El comisionado le disculpaba por su cuenta confidencialmente, diciéndome que estaba achumado (ebrio).
Mandé tomar caballos y ensillar, y como el terreno era muy quebrado, durante la operación se distrajeron los caballerizos y me robaron dos pingos.
Se lo dije á Caniupán, manifestándole con grosería que aquello era mal hecho, que Mariano Rosas estaba en el deber de tomar á los ladrones, para castigarlos y hacerles entregar mis caballos si no se los habían comido. Y quise hacer aquella comedia de enojo, porque entre bárbaros más vale pasar por brusco que por tonto.
Caniupán hizo la suya; me aseguró que los ladrones serían perseguidos, tomados y castigados, pero él sabía perfectamente bien que nadie lo había de hacer.

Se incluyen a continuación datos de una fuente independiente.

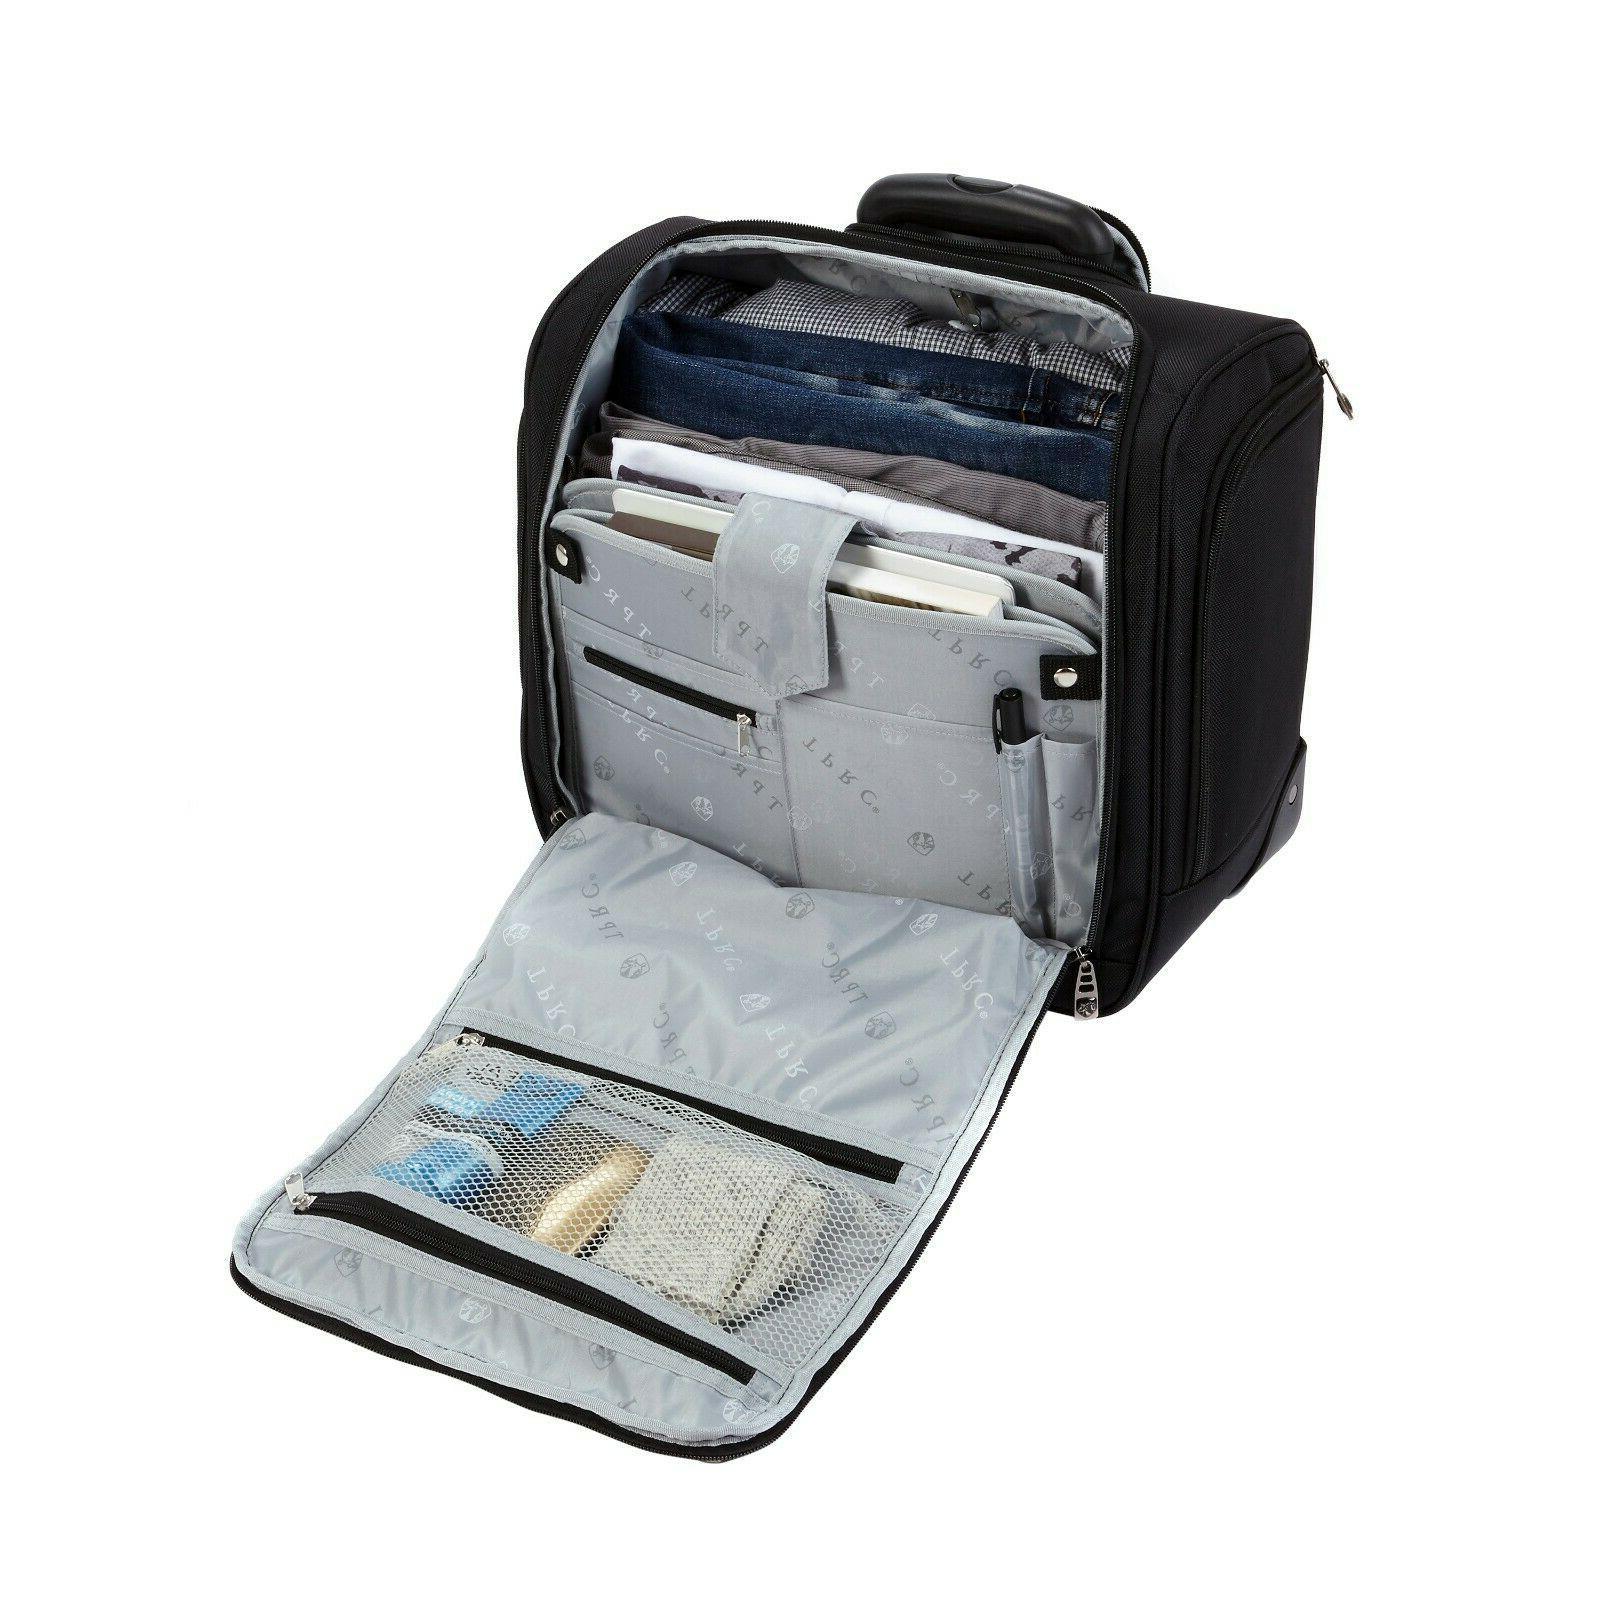 16 Luggage Rolling Wheels Seat Black NEW

Por supuesto que no lo hicieron. Perdí, pues, mis caballos, quedándome sólo la satisfacción de haber refunfuñado un rato con desahogo.

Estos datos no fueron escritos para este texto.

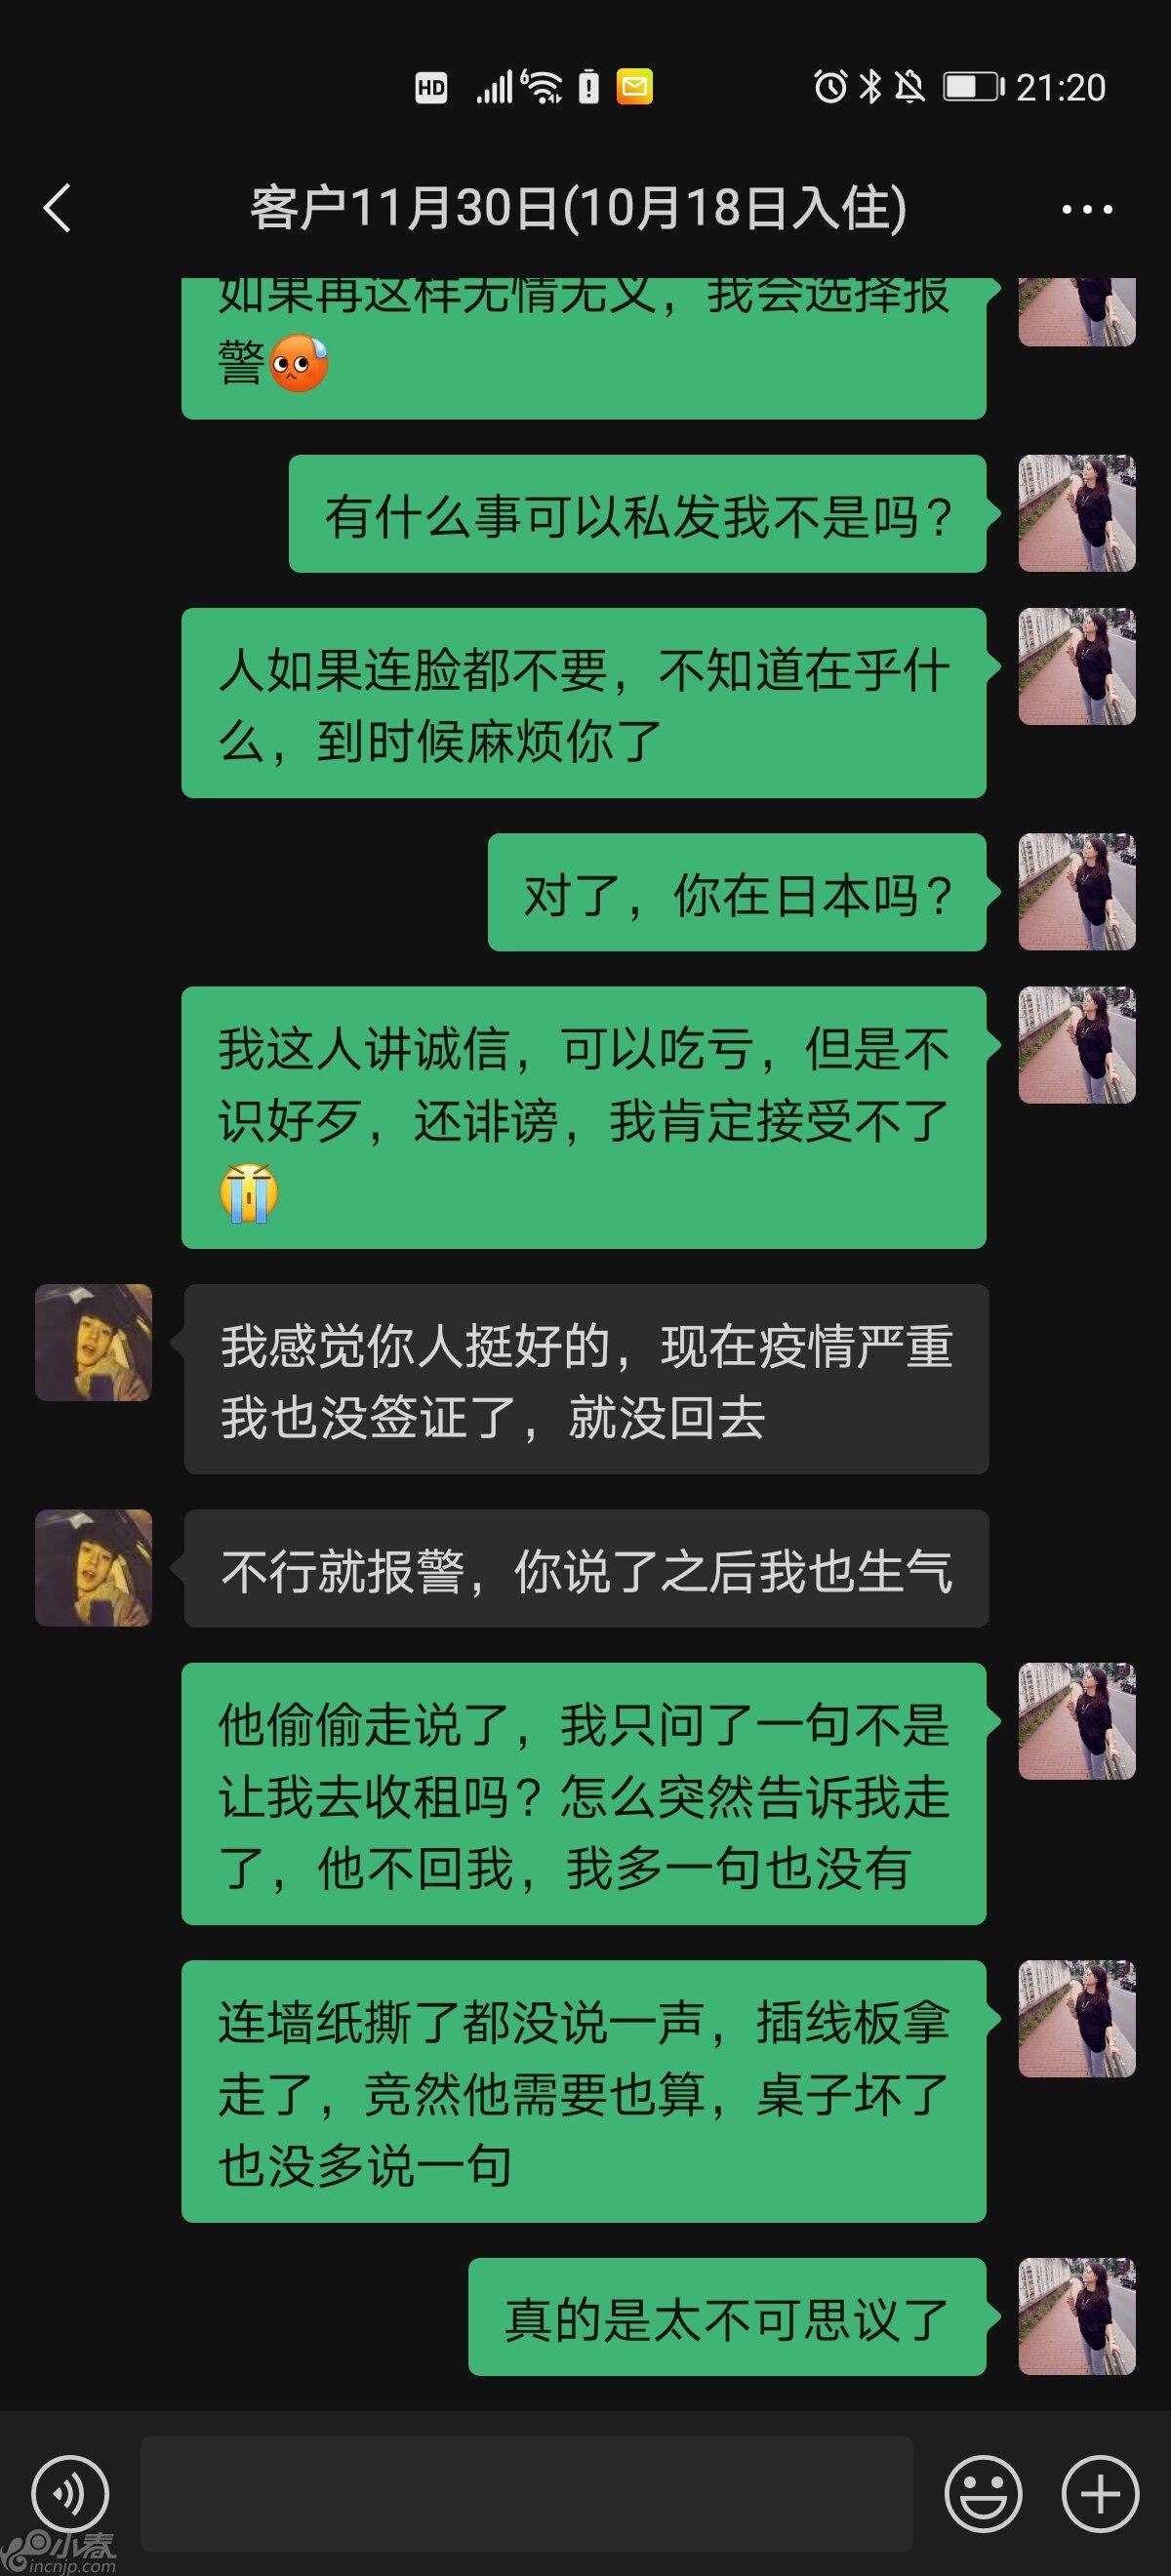 Screenshot_20210721_212031_com.tencent.mm.jpg

Avisáronme que todo estaba pronto para la marcha.
Se lo previne á mi conductor y nos pusimos en viaje.
Los indios no andan jamás al tranco cuando toman el camino.
Al entrar en el que debíamos seguir, me dijo Caniupán, poniéndose al galope:
—Galope, amigo.
Yo, que no quería dejarme dominar ni en las cosas pequeñas, ni contesté, ni galopé.
—Galope, galope, amigo—me gritó el indio.
Si yo hubiera estado prisionero, no me habría hecho tan mal efecto aquella especie de imposición.
—No quiero galopar—le contesté.
Y como algunos de los míos que venían atrás, viendo el aire de la marcha de los indios, llegasen galopando:
—¡Despacio! ¡ despacio!—les grité.
Los indios se fueron adelante formando un grupo; los cristianos nos quedamos atrás, formando otro.